When generating sequences, \(\phantom {\dot {i}\!}k, k^{'}\), and k′′ are randomly drawn to be between the constraints lmin and lmax each time. This is to ensure that the length of the sub-sequences do not need to have fixed lengths and can instead vary. Because of this, graph sub-structures or regions of varying sizes can easily be processed by the model.

In the above formulation, we assume that only the vertices in the graph are labeled and node and edge features are not given. When nodes, or edges, are labeled and feature vectors are provided we can use a one-hot embedding to represent each unique combination of labels and features. This treats each distinct combination as a unique “word" and does not capture the relationship between nodes or edges that share labels or certain features. A better approach is to simply use a one-of-\(|\mathcal {L}|\) vector to encode the label and concatenate this with the feature vector, this allows the node or edge embedding to capture shared features and labels.

Once all the triplets of random walk sequences have been generated, they can be used to train the encoder-decoderFootnote 1 in an unsupervised fashion. The intuition behind this is quite simple. If an encoder-decoder model is trained with a large number of random walks, the sub-sequence corresponding to sub-structures in the graph that co-appear frequently will have learned embeddings that are more similar. This allows us to learn representations for sub-structures that are more compact since the different sub-structures are not considered independently of one another. Figure 5 illustrates this idea.

Fig. 5
figure 5

(a) An encoder-decoder can be used to learn similar representations for sub-structures that share the same function. Here, the sub-structures “C-C-C”, “D-A-D”, and “E-D-E” are structurally dissimilar. However, they seem to be serving the same function of connecting similar regions together. If these patterns appear frequently, the encoder-decoder will learn to capture the functional similarity by learning similar representations for all three sub-structures.
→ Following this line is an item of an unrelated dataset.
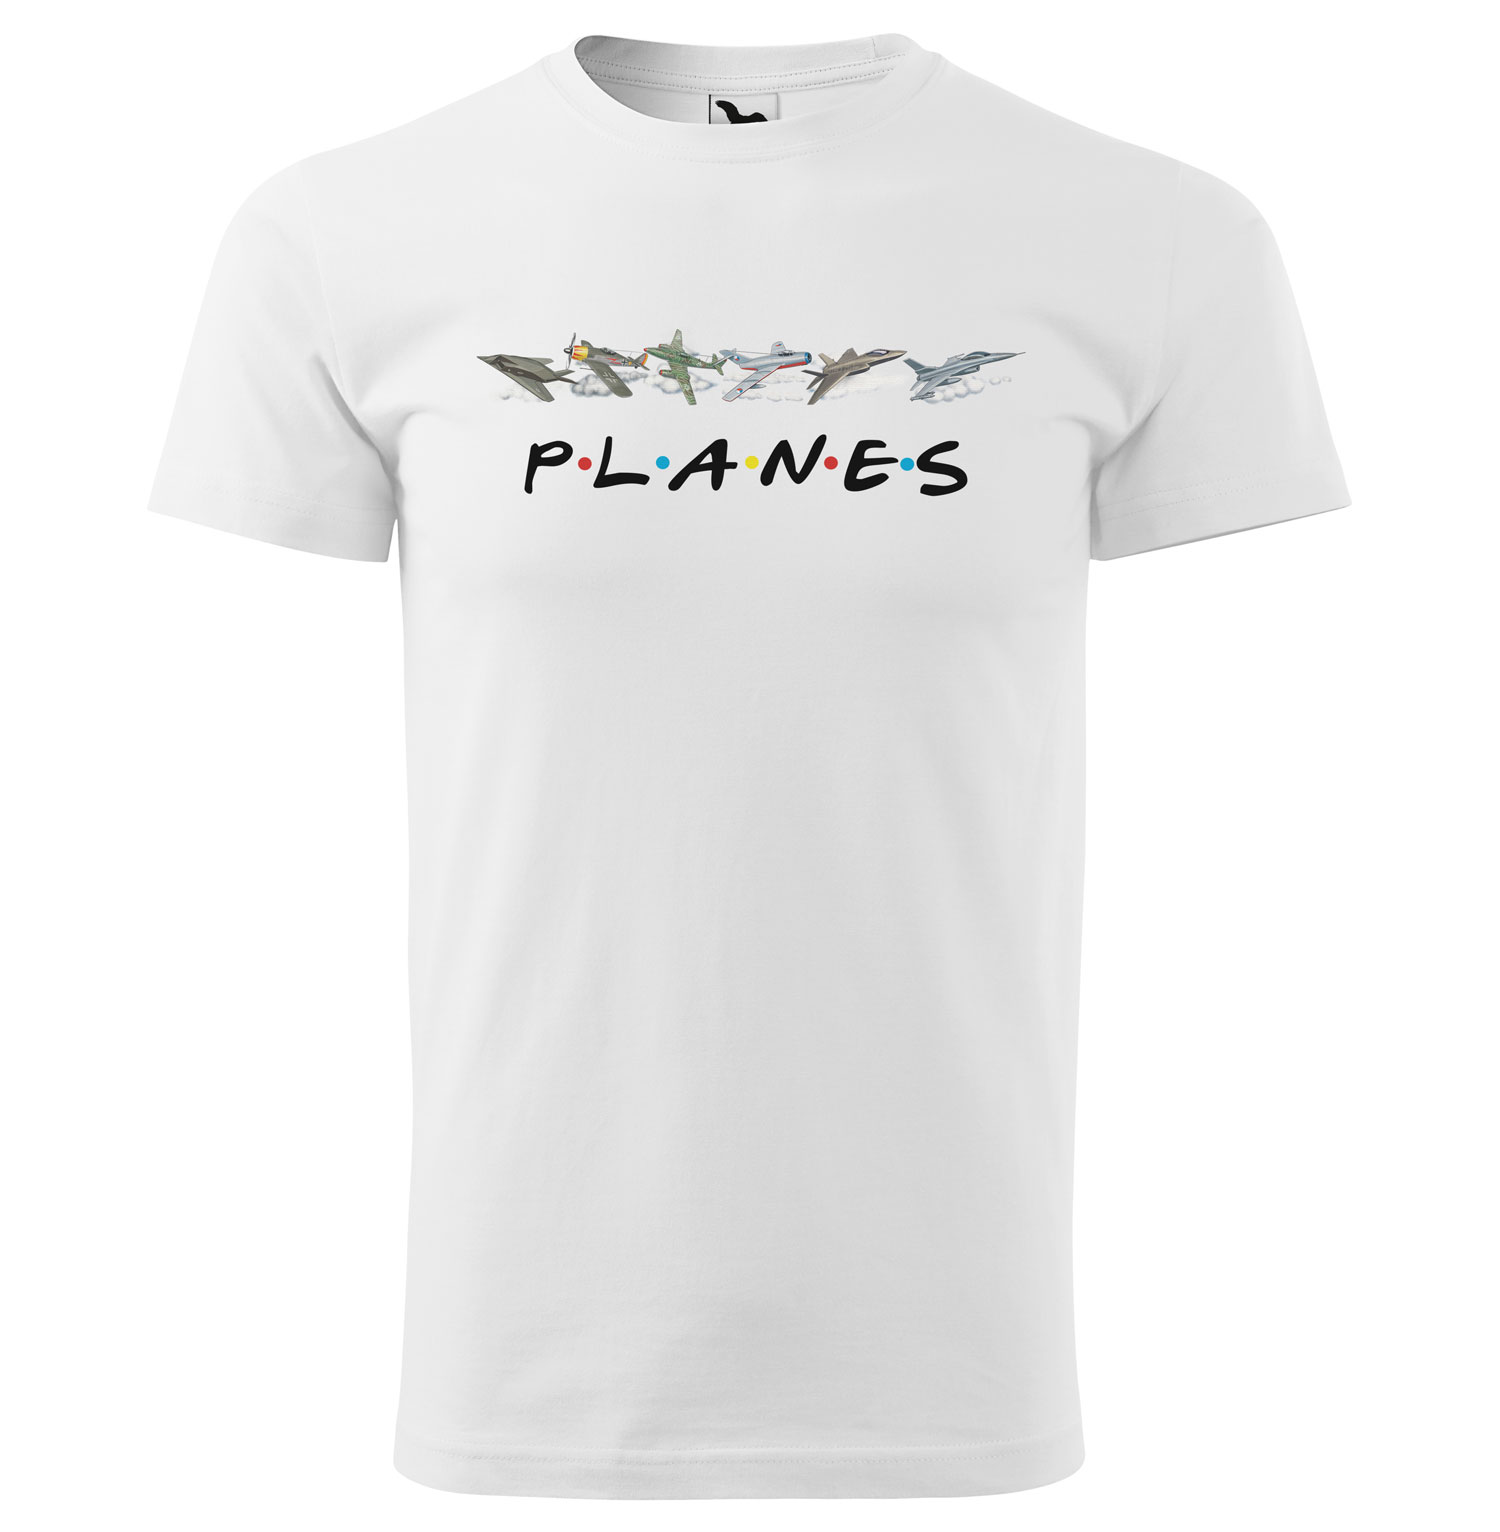 Tričko Planes (Velikost: XL, Typ: pro muže, Barva trička: Bílá)

The learned representations are more compact since the co-occurrence dependencies of sub-structures are considered. (b) On the other hand, simply counting the occurrence of sub-structures to create a graph representation can result in representations that are less compact and less useful as the different sub-structures are treated independently

Obtaining final graph representation

After the encoder-decoder has been trained, we can freeze the model and use the encoder to generate representations, hi, for any arbitrary random walk sequence. Ultimately, however, we are interested in obtaining representations for entire graphs so we try several strategies for aggregating the encoder representations obtained from a set of independent random walks sampled from a given graph. Sampling multiple short walks from a graph allows us to obtain a relatively accurate profile of a graph. The representations can then be aggregated to get a representation for the graph as a whole. While one can certainly try more sophisticated approaches for aggregation like a neural network that learns a final graph representation from the sampled representations, we choose to use relatively simple aggregation techniques to highlight the usefulness of the model.

  1. 1.

    Single walk: In this approach we do not use several encoder representations. Instead, we train the model on relatively long (relative to the size of the graphs in the dataset) random walk sequences and use a single long walk over the graph to obtain its representation.

  2. 2.

    Average: We compute the component-wise average of the encoder representations of the sampled random walk sequences. This is then used as the graph representation.

  3. 3.

    Max: As in (Kiela and Bottou 2014), we take the component-wise absolute maximum of all encoder representations.

  4. 4.

    Cluster: The encoder representations are first fed into a clustering technique like K-means (Hamerly and Elkan 2003) and we use the cluster information to create a bag-of-cluster vector that serves as the graph’s representation.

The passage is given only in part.